Kroner leads the global equity investment management firm Pluribus Labs, which he built to capitalize on the intersection of economics, finance, data science and algorithms. Previously, he was senior managing director at BlackRock, where he was the head of multi-asset strategies and scientific active equities. He served on BlackRock’s global executive and global operating committees. Prior to BlackRock, Kroner worked at Barclays Global Investors (BGI), which was acquired by BlackRock in 2009. At BGI, he oversaw asset allocation, hedge funds and client solutions businesses.

He began his career as an economics and finance professor at the University of Arizona. Soon after, he moved to the private sector. Kroner recounts a pivotal conversation with his father, which for him underscored the need for an academic research center focused on asset management. When Kroner’s father shared his best performing retirement investment with his son, Kroner was surprised to discover that it was a fund that he managed.

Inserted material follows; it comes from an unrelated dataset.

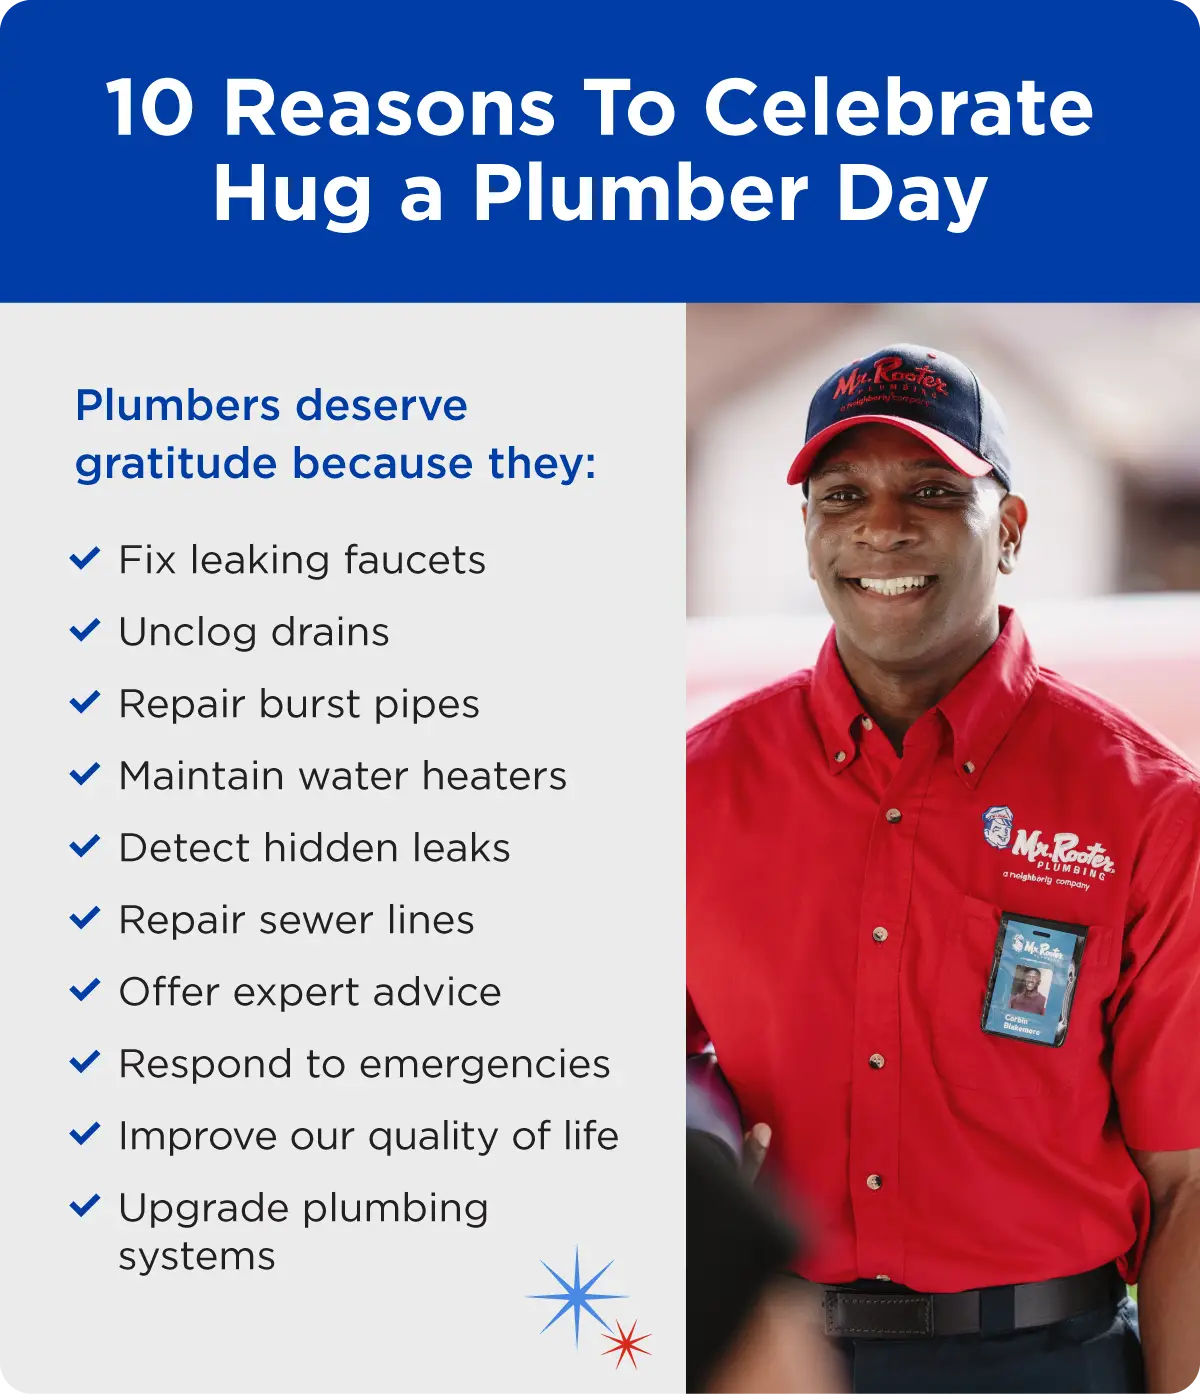 A Mr. Rooter Plumbing service professional and a list of 10 reasons to celebrate National Hug a Plumber Day

“I told my dad, ‘That’s my fund! I manage that fund,’” said Kroner. “And in that moment, I realized that I wasn’t just managing funds for a company. I was managing the savings of individuals – like my dad, who had worked hard as a firefighter. I quickly realized we need to get this right and I knew that if academia didn’t address questions that come up related to investing, then commercial interests would prevail. The Kroner Center for Financial Research is working to solve problems that truly matter for the individual end-user.”

Kroner has a B.Sc. in mathematics and economics from the University of Alberta and a doctorate in economics from UC San Diego. He serves or has served on several corporate, academic and foundation boards as well as academic journal editorial boards. His research on forecasting volatility and asset returns has been widely published in both academic and practitioner journals.